Lynne Kirste, the Special Collections Curator at the Academy Film Archive, which is part of the Academy of Motion Picture Arts and Sciences, came from her job in Hollywood, Calif., to attend the Symposium for the first time. The subject of her presentation was how home movies can be used for baseball research.
“This experience has been fantastic. I can’t even say how fantastic it is,” Kirste said. “The people are so nice, the presentations are so interesting. It’s just so much knowledge. All of these topics, I never even would have thought to even ask about and people have researched them to the ‘nth’ degree. It’s really amazing.
“I think the main thing that I’m amazed at is how interesting I’m find every subject that people are discussing. Everybody is just so passionate that they all make their topics fascinating.”
The Symposium got under way Wednesday afternoon inside the Grandstand Theater with a keynote address from filmmaker Sarah Burns entitled “Seeking a More Authentic Jackie Robinson.” Burns, the daughter of esteemed documentarian Ken Burns, is currently working with her husband and father on a documentary on Robinson. The two-part, four-hour PBS documentary is tentatively set to air in April 2016.

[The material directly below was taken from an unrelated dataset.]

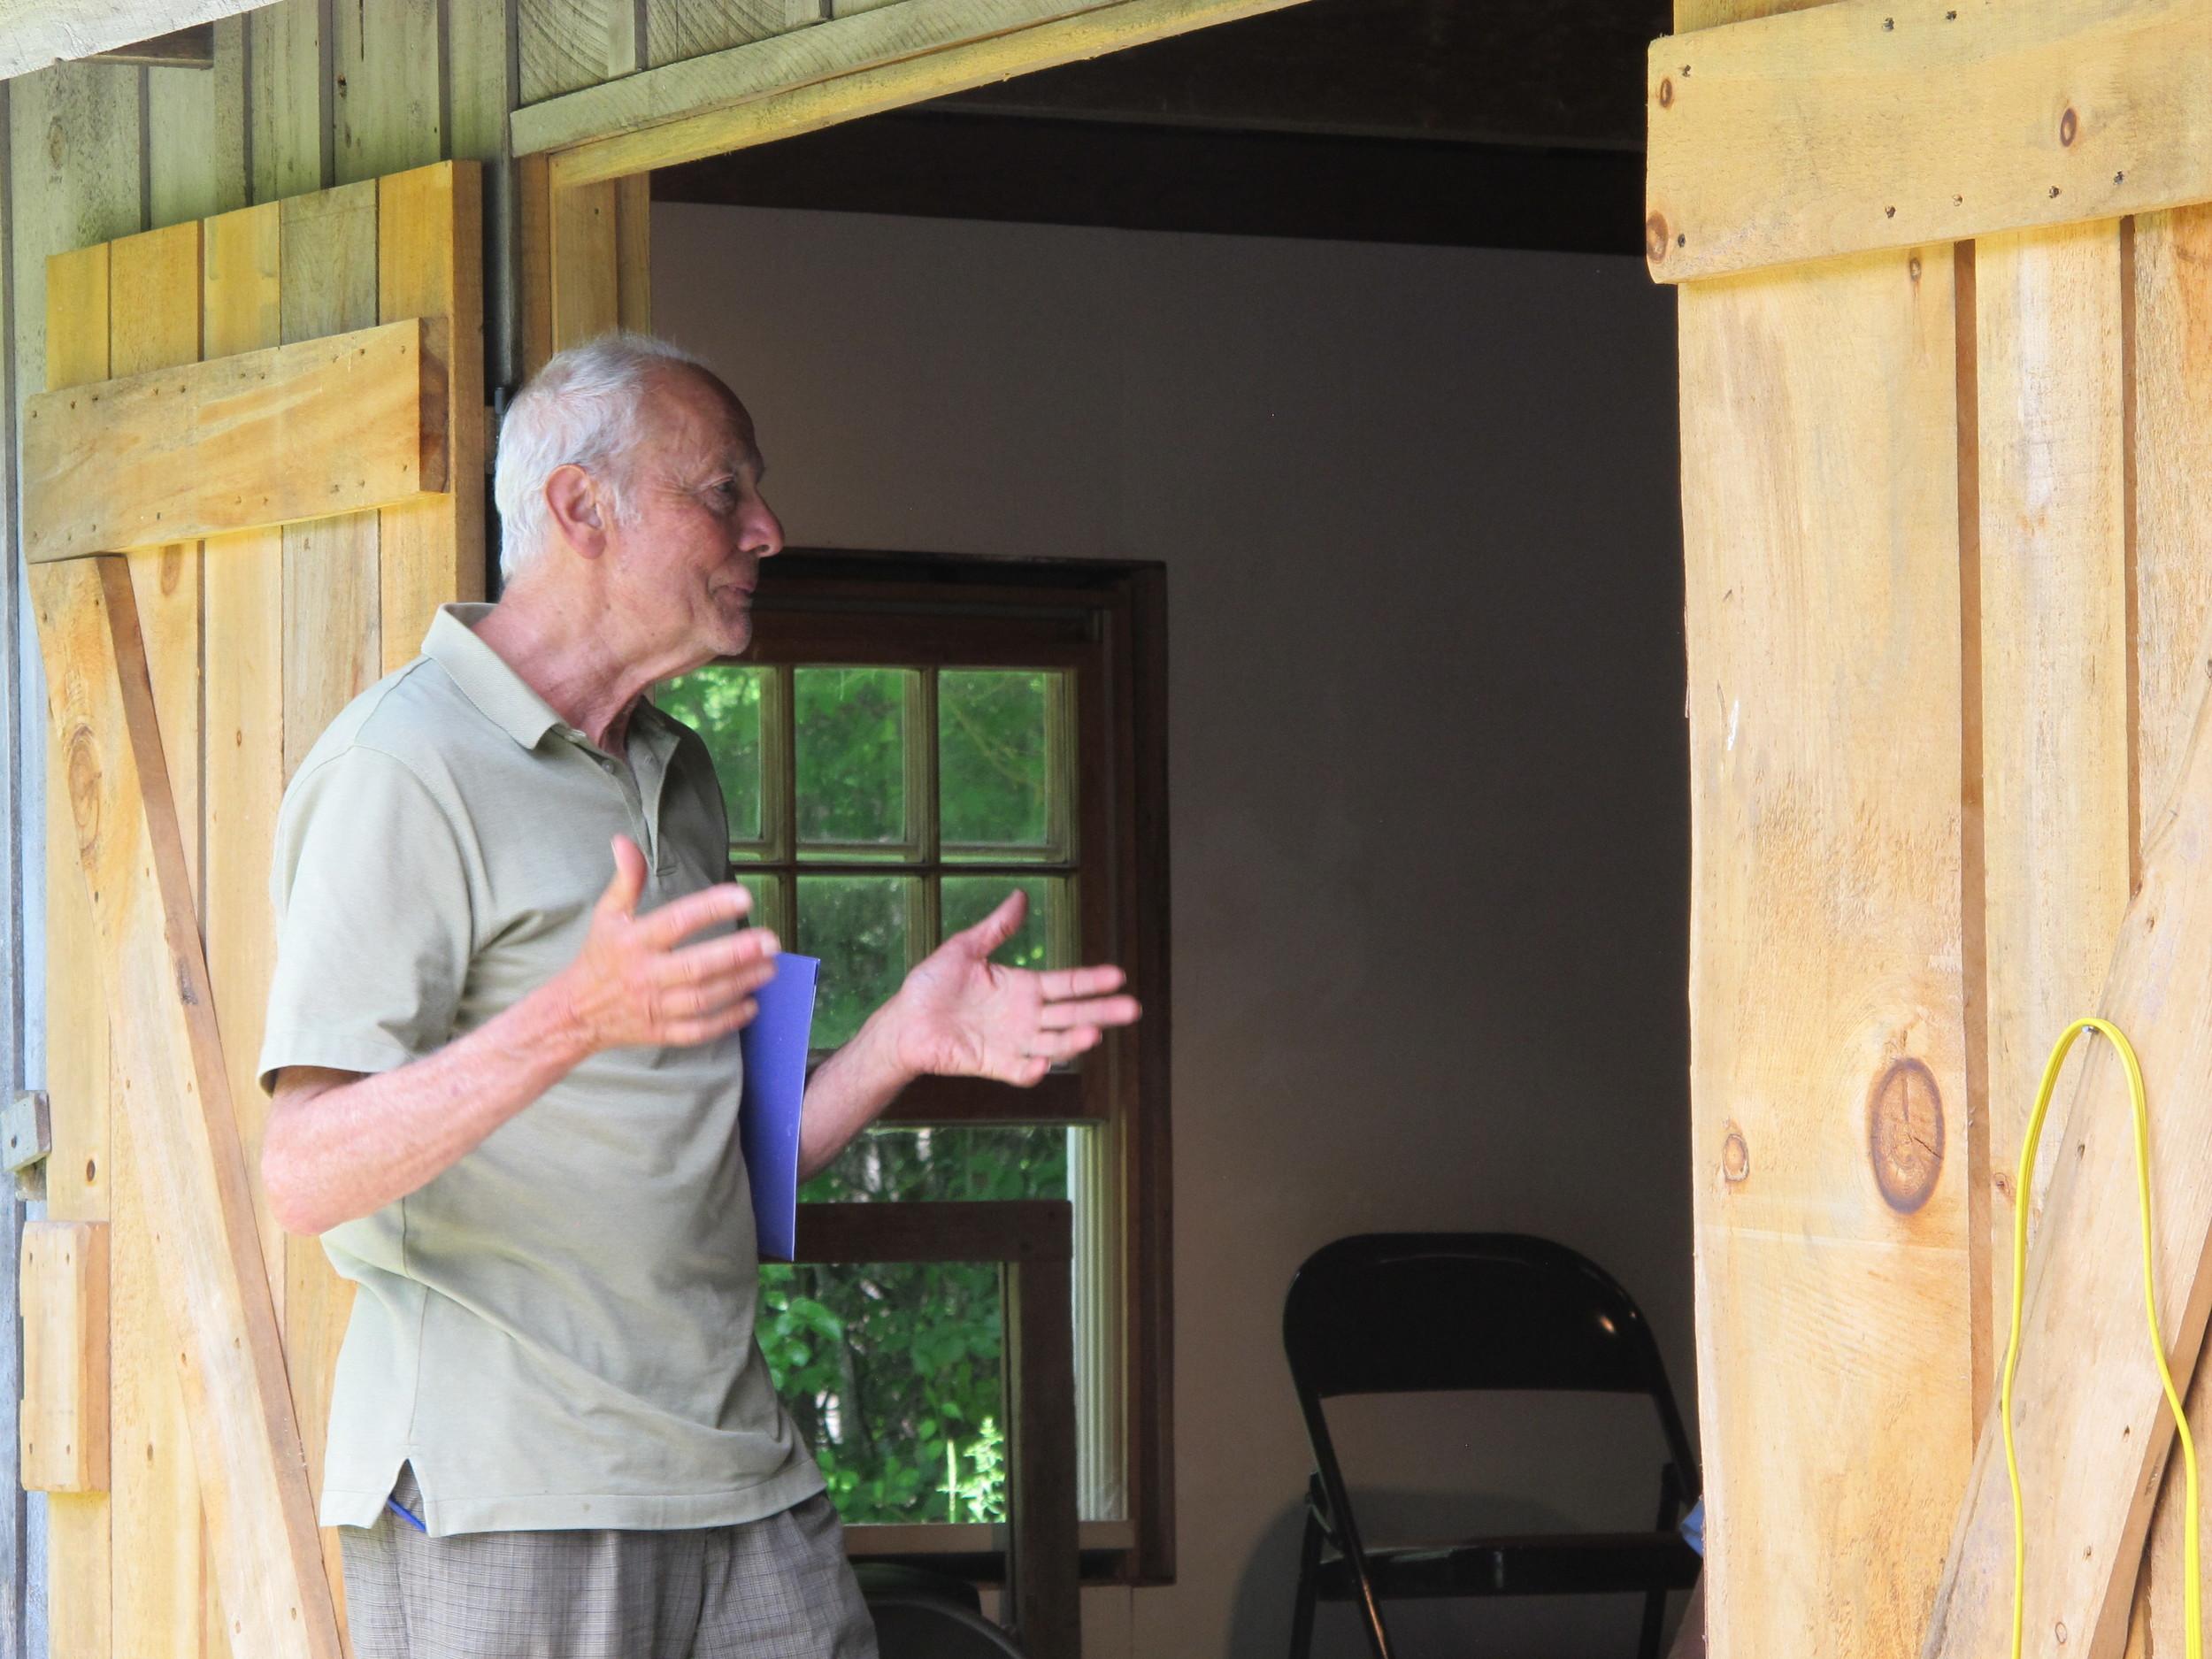 Tony Ferrara moderates the discussion.

“As I was writing my speech, I was definitely aware of the fact that this is an audience who knows this story well. This is not an audience who has heard of Jackie Robinson but doesn’t know too much about him,” Burns said afterwards. “So I had to think carefully about how I could tell the story in a way that hopefully there’s something new for everyone. That was a challenge.
“And it was definitely on honor to speak here and especially to be in the company of the previous keynote speakers.”
Besides her father, previous keynote speakers have included Roger Kahn, Eliot Asinof, Stephen Jay Gould, W.P. Kinsella, George Plimpton and Frank Deford.